Opinion
CIVIL NO. 08-2276 (JAG).
February 14, 2011
OPINION AND ORDER
Pending before the Court are co-defendants Bolivar Jaiman and Jose M. Villareal-Cruz's Motion for Judgment on the Pleadings (Docket No. 67) and co-defendants Fernando Fagundo, Luis C. Oliveras Ocasio, Miguel Correa Molclova, Glorimar Torres Colon and Felipe Figueroa Santiago's Motion for Judgment on the Pleadings (Docket No. 70). For the reasons stated below, the motions are hereby GRANTED.
FACTUAL AND PROCEDURAL BACKGROUND
María Ortega Ayala ("Ortega"), and her husband, Rafael Rosa Romero ("Rosa"), filed the instant action against several police officers of the Puerto Rico Police Department ("PRPD") and employees of the Puerto Rico Transportation Authority under 42 U.S.C. § 1983 (Section 1983") for violations of Ortega's Fourth and Fourteenth Amendment rights of the Constitution of the United States due to alleged deprivation of liberty and malicious prosecution.Ortega is the owner of Gestoria el Coqui ("Gestoria"), a business dedicated to providing services to citizens who need to renew documents emitted by the Public Transportation Department. (Docket No. 4, ¶ 14). According to the Amended Complaint, since June 17, 2002, Jaiman, an agent of the PRPD stolen vehicles division, and other police officers searched the Gestoria. As a result, Jaiman arrested and filed charges against Ortega on October 24, 2006 for fraud under Article 272 of the Puerto Rico Penal Code of 1974. Id. at ¶ 16.
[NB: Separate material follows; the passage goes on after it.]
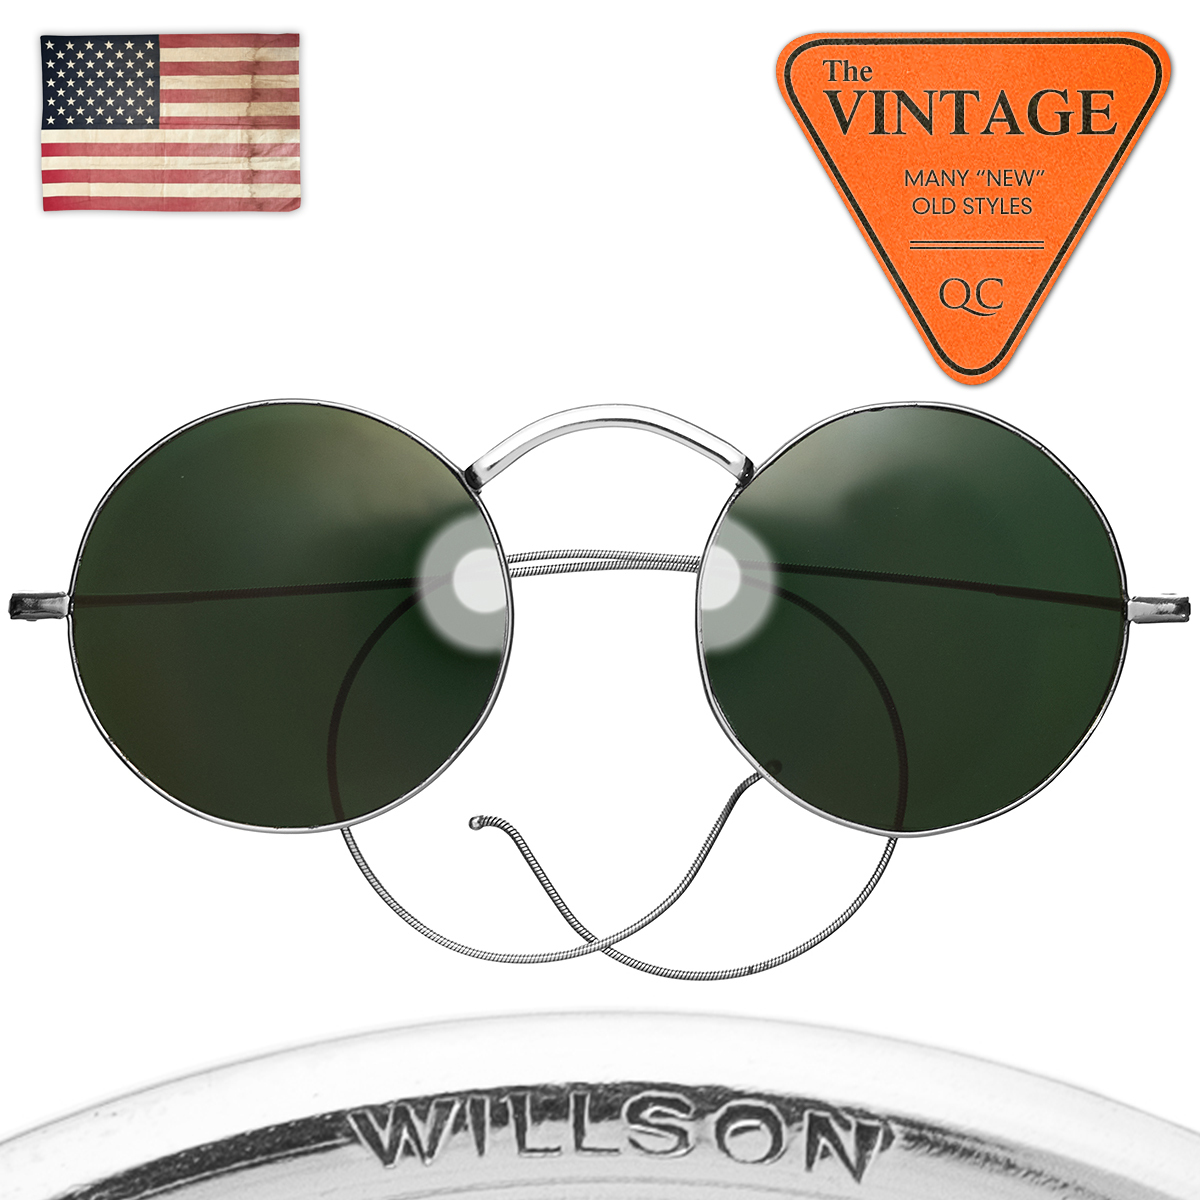 驚きの安さ WILLSON USA 美品ヴィンテージ1930s ガラスレンズ 1155 当時モノ 工業系 インダストリアル アメリカ 丸サングラス 丸メガネ 正丸 46mmアイ 金属フレーム

The state magistrate judge did not find probable cause after the preliminary hearing held on October 29, 2007. Id. at ¶ 18. The local district attorney's office sought a de novo hearing but later requested the dismissal of the charges. The Puerto Rico Court of First Instance granted the dismissal on December 3, 2008. (Docket No. 67, p. 2).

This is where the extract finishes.